Information supplied START

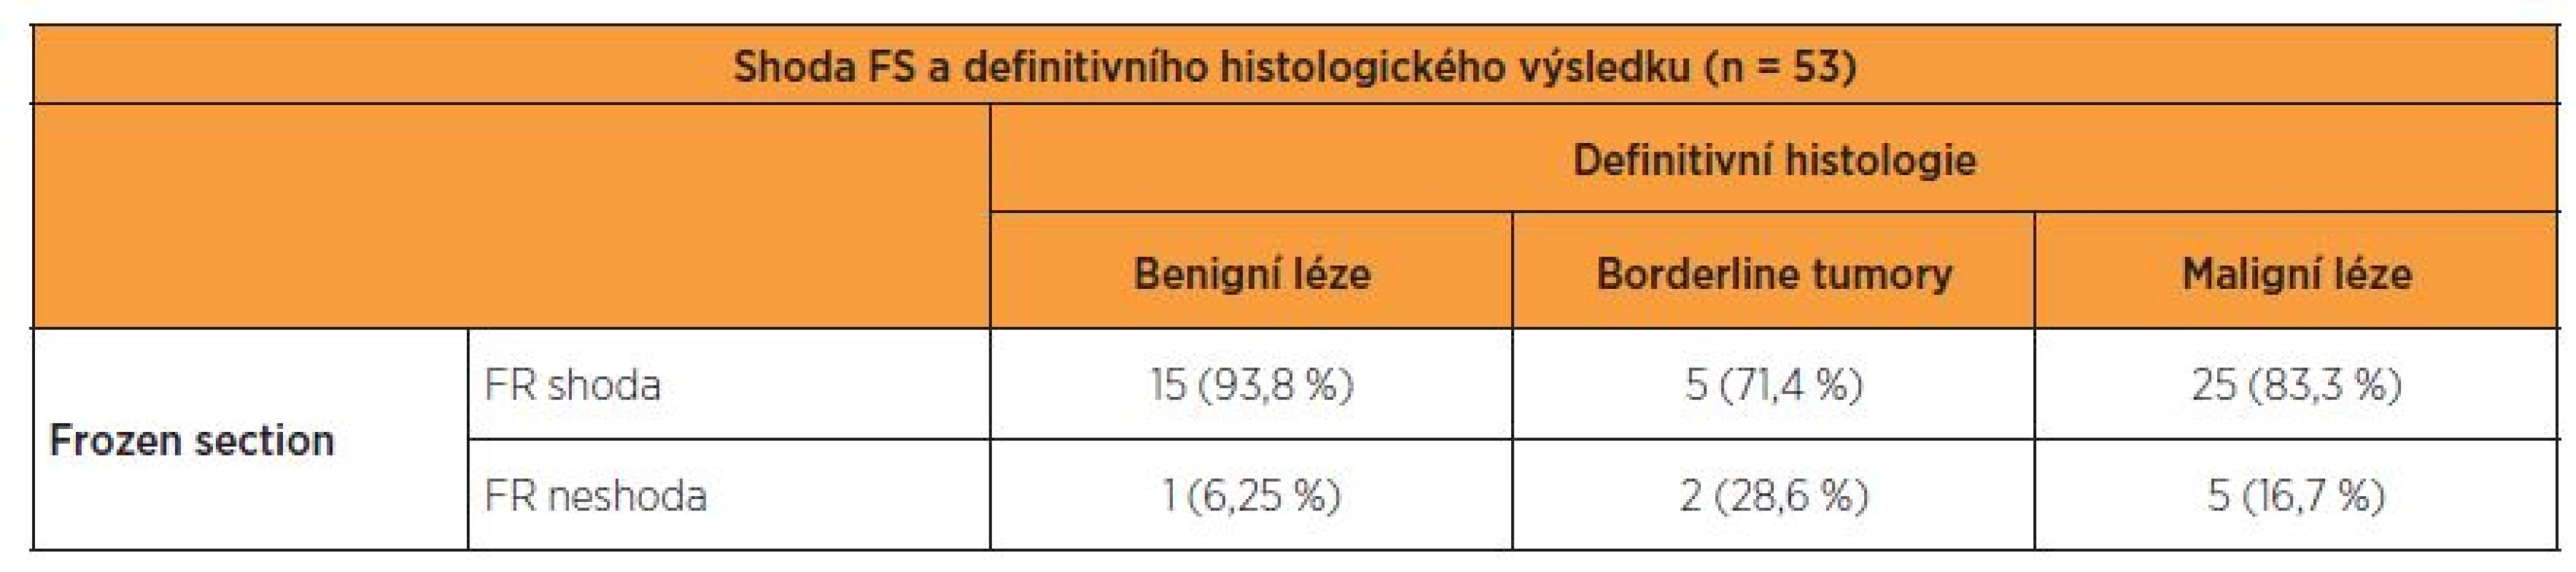 Shoda či neshoda FS a definitivní histopatologie v absolutních číslech a v procentuálním poměru v jednotlivých skupinách
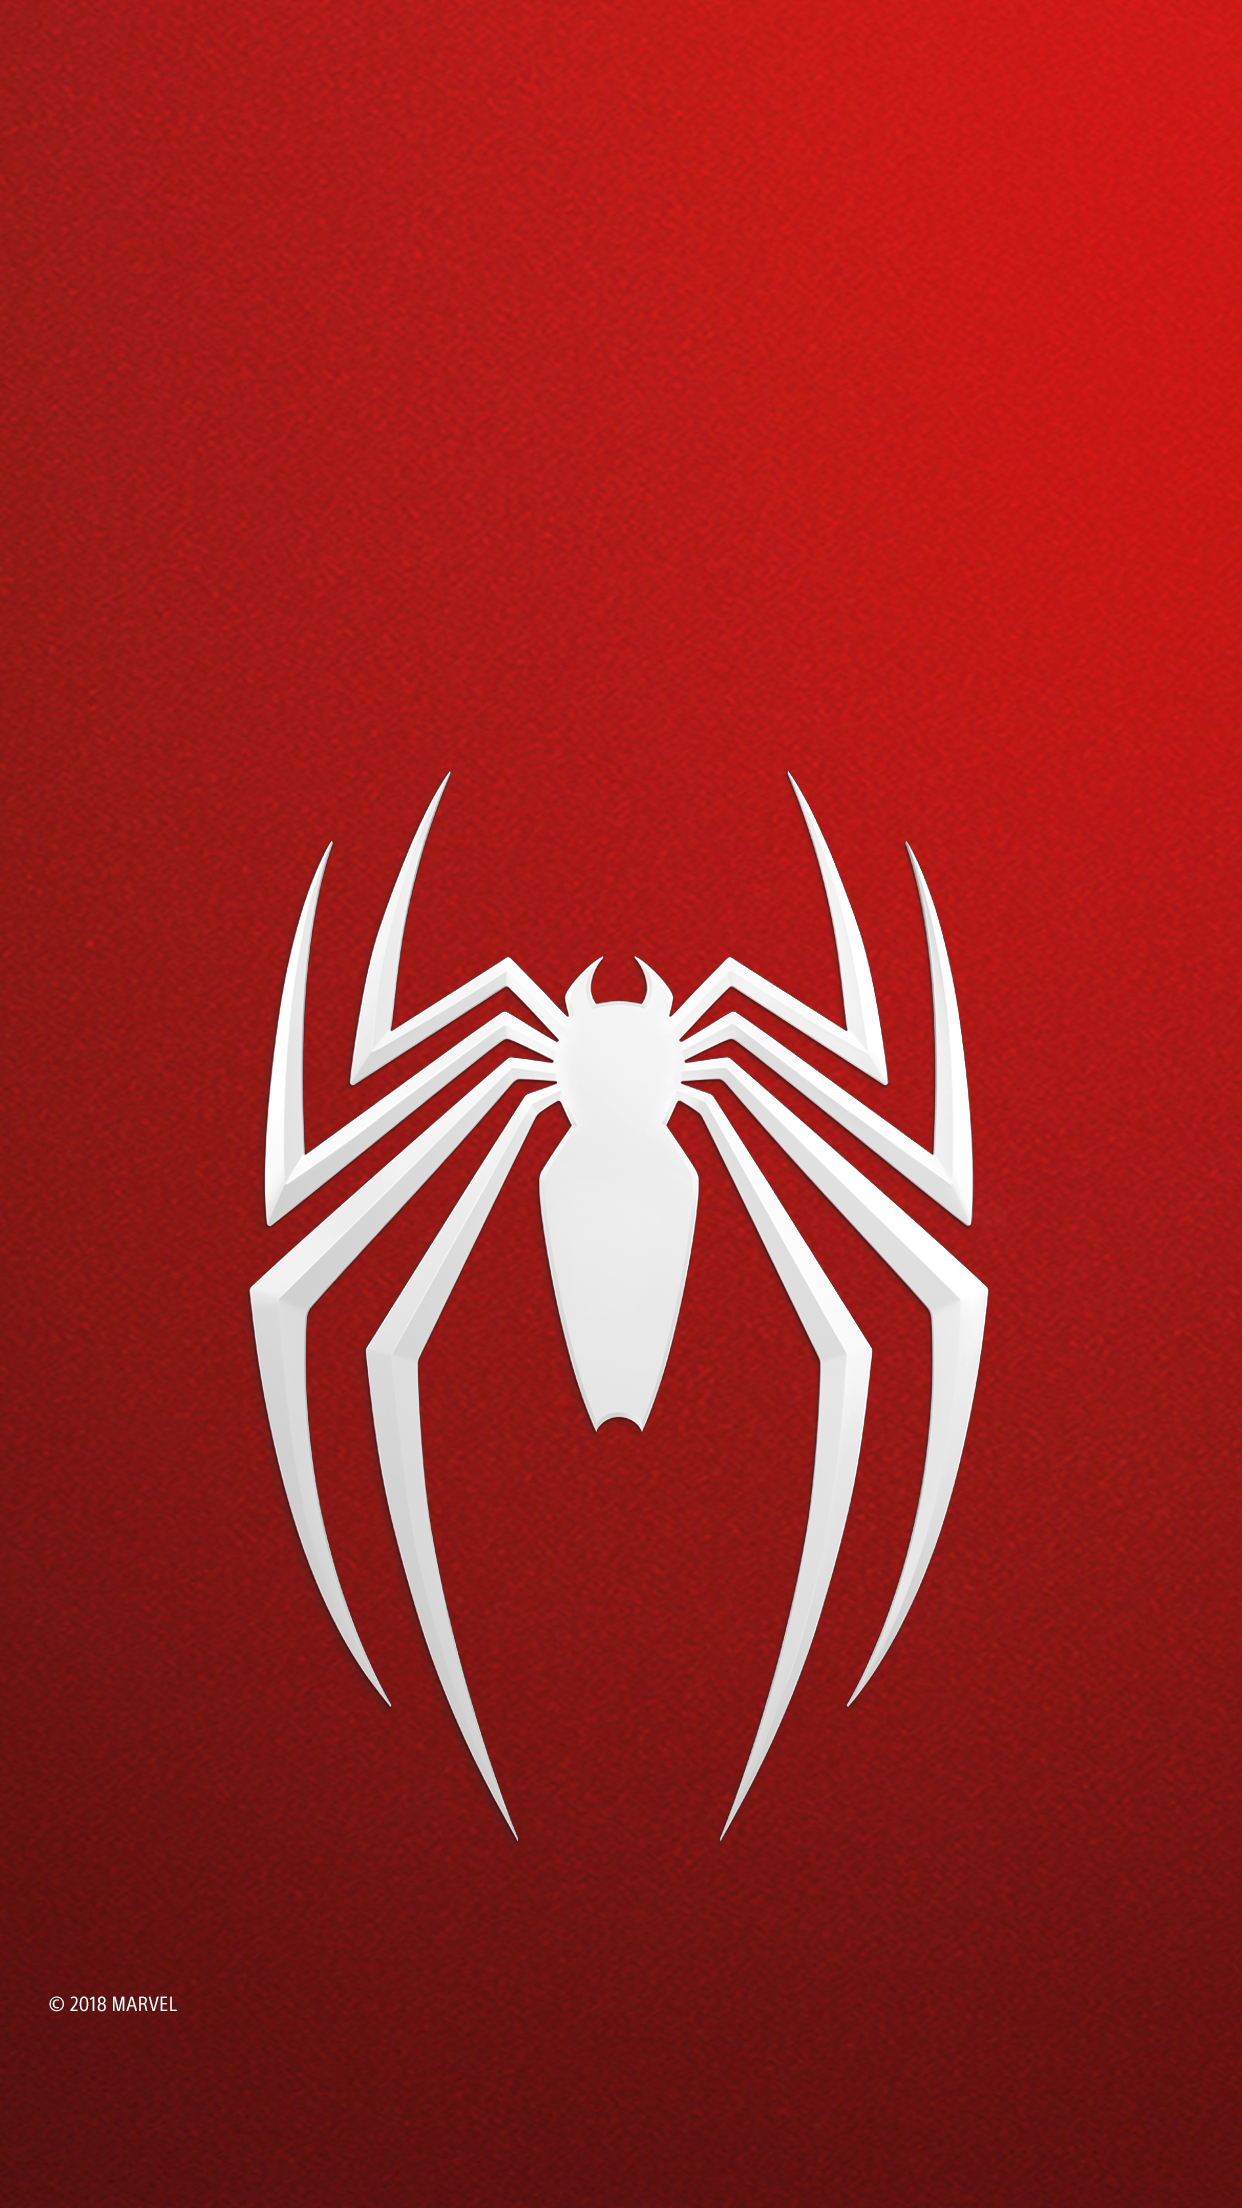 fondo de pantalla para móvil de marvel's spider-man
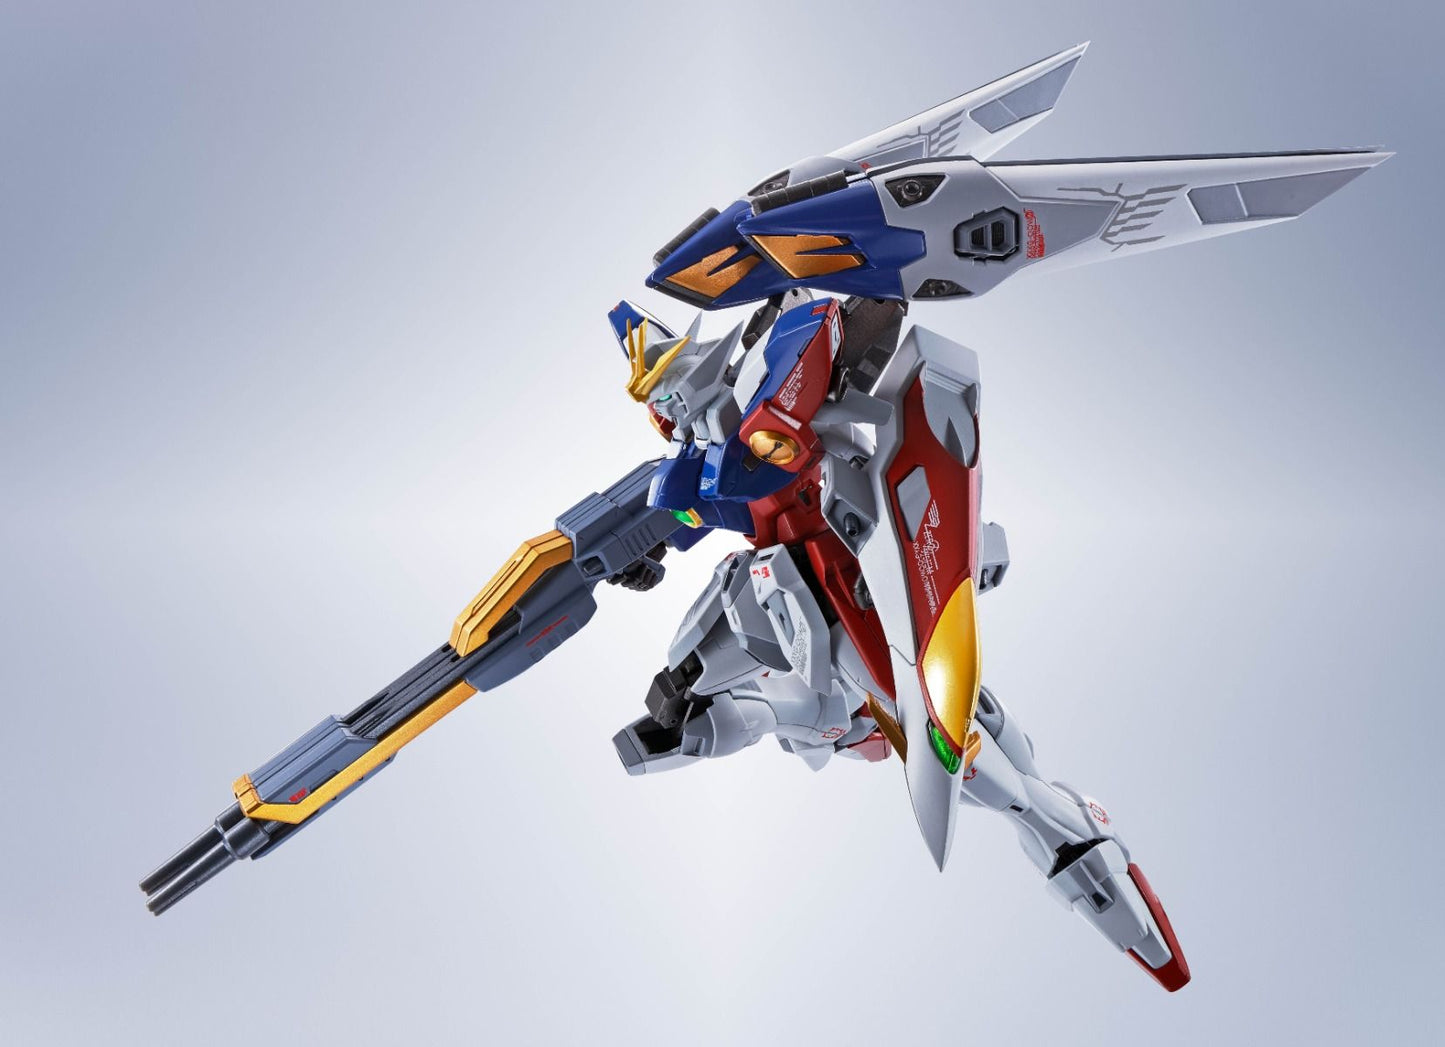 Metal Robot Spirits Wing Gundam Zero <Side MS> Figure

Information supplied END

• Your task: Copy each line of the listing exactly, skipping any picture.

• Answer section:
 Shoda či neshoda FS a definitivní histopatologie v absolutních číslech a v procentuálním poměru v jednotlivých skupinách
 fondo de pantalla para móvil de marvel's spider-man
 Metal Robot Spirits Wing Gundam Zero <Side MS> Figure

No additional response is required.